The study did not go into the possible reasons behind the increase in numbers.
That’s something Dr. G. Thomas Ruiz, an OB-GYN at MemorialCare Orange Coast Medical Center in California, would like to have seen.
“The study doesn’t really expand on why we’re seeing more of this type of behavior. It leaves it up to us to come up with our own conclusions,” he told Healthline.
“What we know is that in terms of mental health, high anxiety, depression, and social stressors, people will often turn to alcohol or drugs to self-medicate to make them feel better,” Ruiz said. “That’s part of one of the things within the human condition. Stressors like the inability to buy a house, high student debt, making ends meet, trying to decide if you’re going to have a family, all of these social stressors can create an anxiety state.“
Howard says that’s what the research team is working on now.

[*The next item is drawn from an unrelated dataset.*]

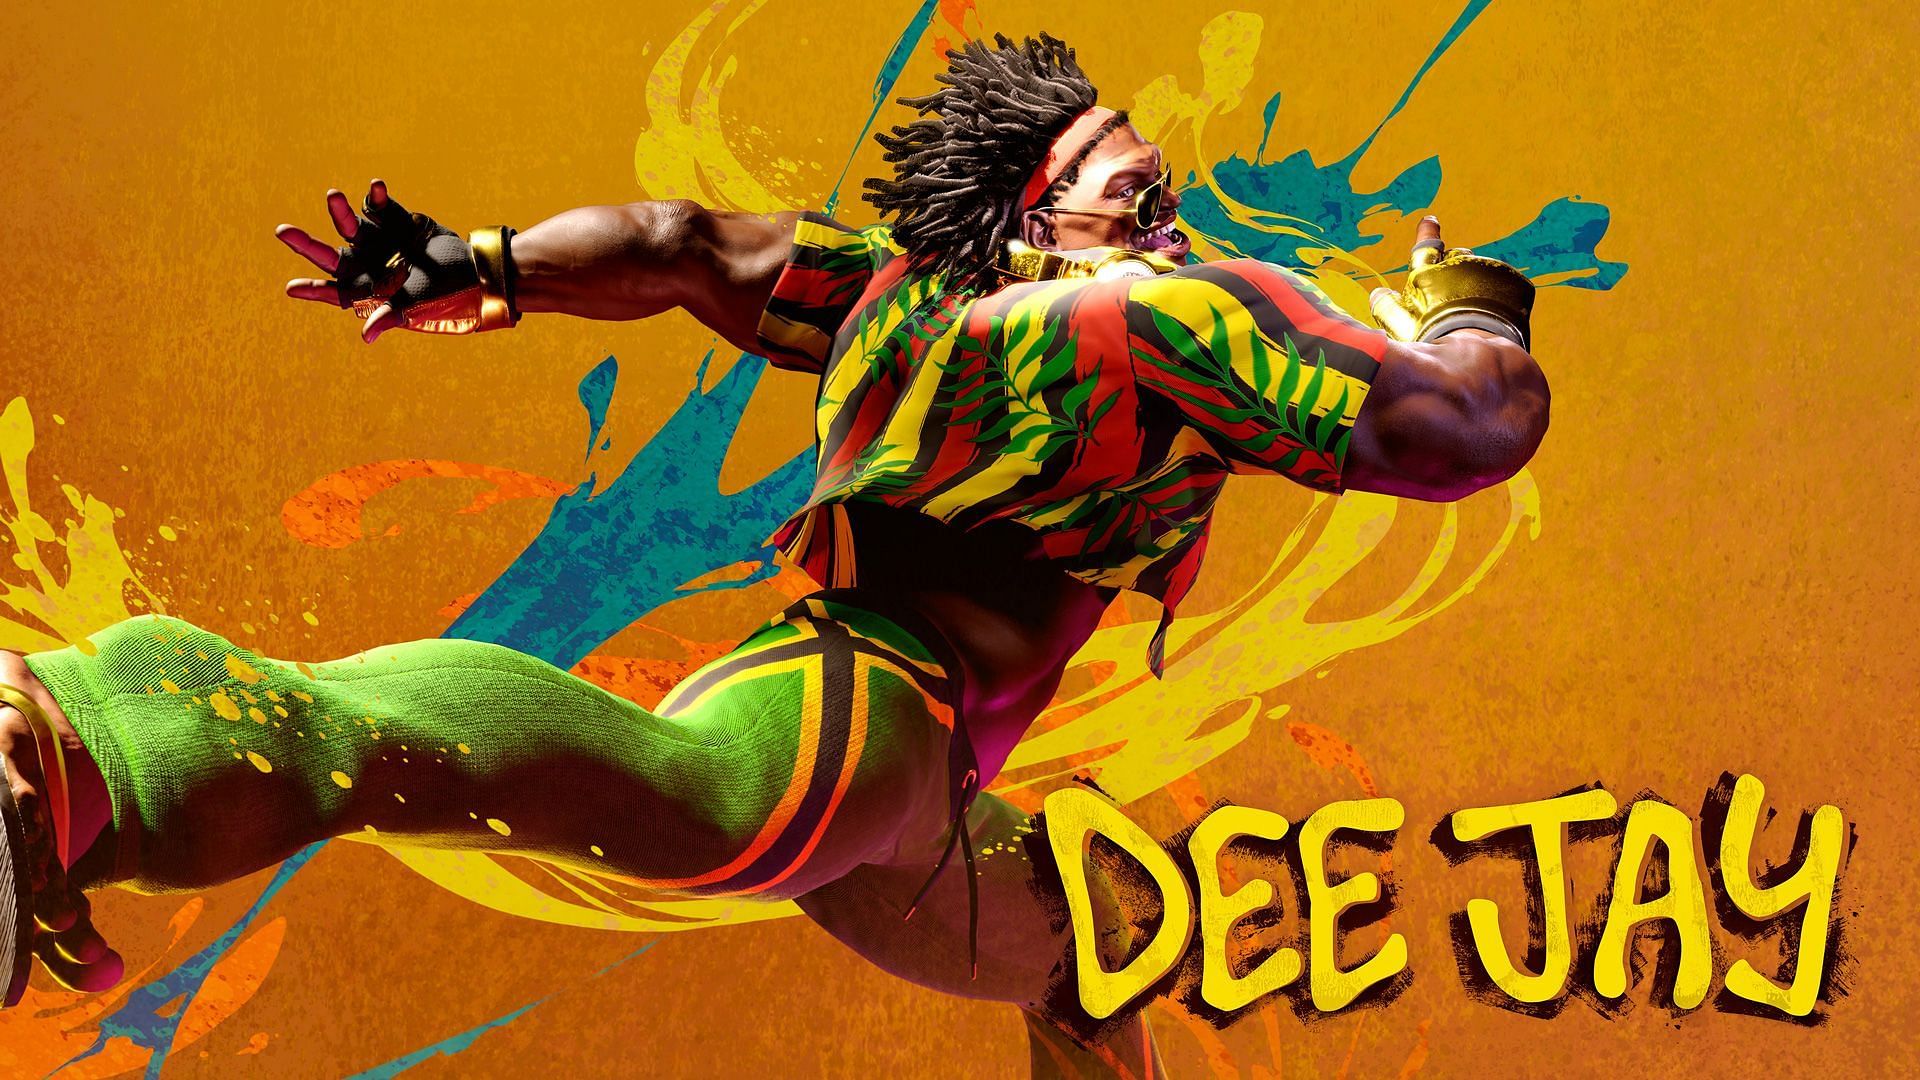 Dee Jay is an extremely upbeat character filled with positivity (Image via Street Fighter)

“We’re currently engaged in a larger study to understand their stressors and other kinds of factors,” he explained. “Financial hardships, potential exposure to intimate partner violence, access to healthcare, things that put a lot of stress on pregnant women in particular.”
Besides the socioeconomic factors, experts say there is a growing phenomenon they’ve noted that may also be at work.

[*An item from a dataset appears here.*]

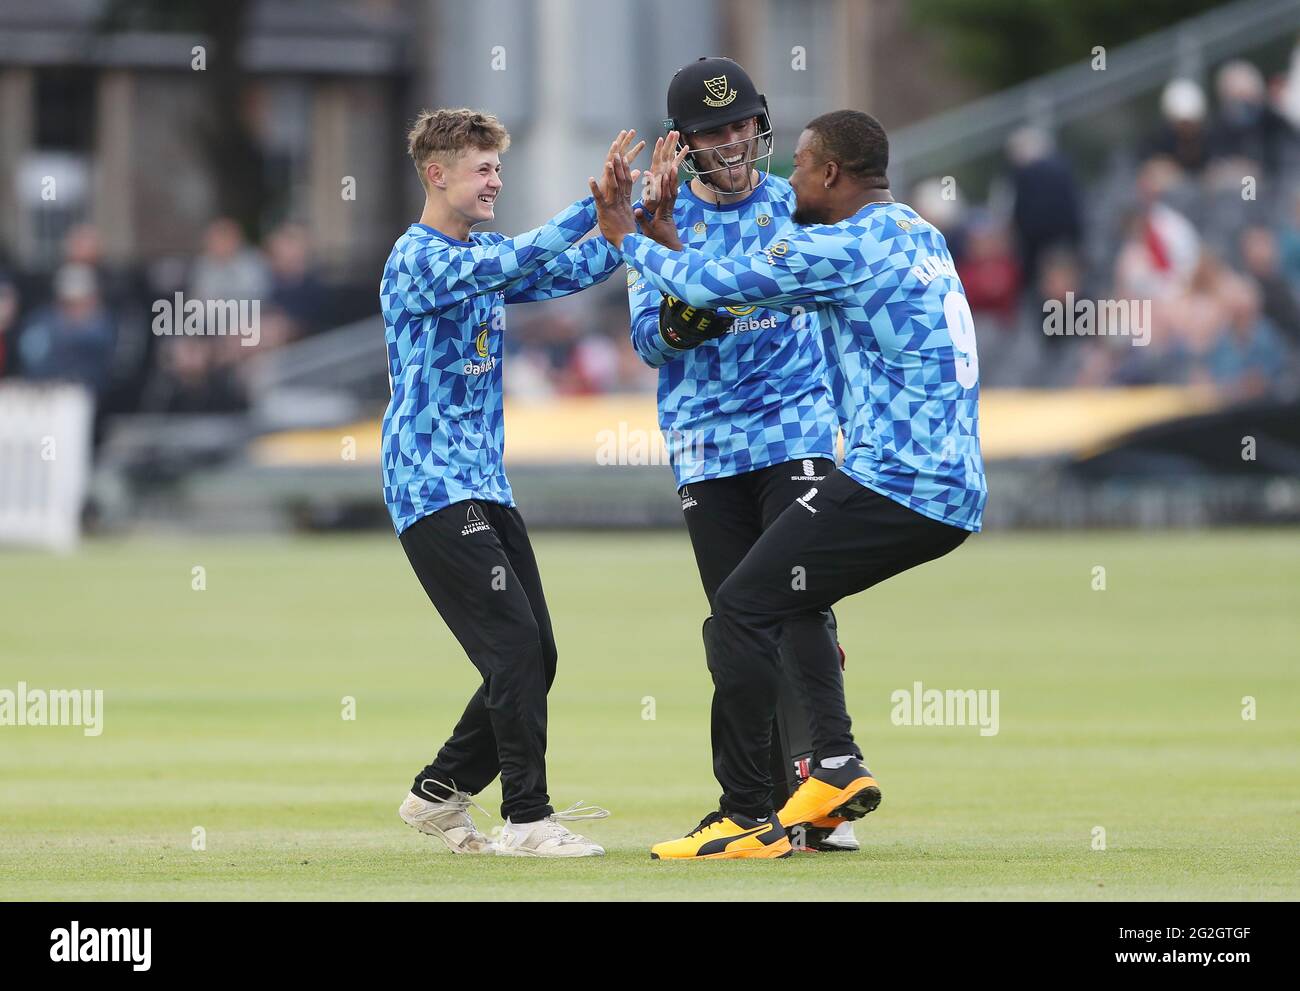 16 year old Alex Lenham of Sussex Sharks celebrates taking the wicket of  Gloucestershire's Jack Taylor

“I think there is a counter-narrative out there, not necessarily in the scientific literature, but in the popular self-help kind of literature out there,” Howard said. “There are some folks out there who trivialize this and you know, ‘it’s not a big deal.’ They don’t necessarily say it’s OK to binge drink… but it’s more of a message of just kind of accepting alcohol consumption generally as something that’s OK and not a big deal.”
“I don’t know how prominent it is and I’m not trying to attribute it all to that. I’m just saying there is a kind of a counter-narrative out there,” he added.
“We want our patients to have autonomy and to ask many questions,” said Parisi. “Patients are reading more than ever and are being influenced by the media, friends, and family, and not all of those sources are created equal nor evidence-based.”
“A lot has changed in medicine. It used to be ‘Yes, Doctor, whatever you say.’ I’m not saying it should go back to that” Parisi said. “But we as physicians have to gain a rapport with our patients, destigmatize care, and patients need to find providers they can work with and rebuild trust.”
“We as providers need to combat recommendations that are not evidence-based and still promote shared decision making,” she added.
Ruiz says he believes one of the most important ways to hammer the message home is through one-on-one relationships.
“A lot of it has to do with the relationship between the provider and the patient,” he said. “In my practice, everybody at the beginning of the pregnancy, we do kind of general counseling and we try to get to them before pregnancy.”
“When that patient is in the office, we go through and discuss, as part of the counseling of a newly pregnant woman, what is safe behavior during pregnancy. We also discuss smoking and THC use in those initial early prenatal care visits” he explained.
Ruiz says they also provide patients with a web app so they can access the information they need to guide them through their pregnancy.
“Our FASD work group at ACOG works to educate patients on the risks of prenatal alcohol exposure,” Parisi said. “There have been studies showing that not all providers instruct their patients to completely abstain and that is unfortunate.”
But she says finding the time to get the information out can be a problem.
“We are all strapped for time, particularly those in private practice. I was in solo private practice for many years” she explained. “It can be very challenging to properly screen patients while gathering their history, approaching their intimate needs and concerns, and doing a directed physical.”
“We should all be using a validated screening tool like AUDIT-US” she added. “Properly tackling this at preconception and annual visits can address the issue and drastically decrease the incidence of FASDs.”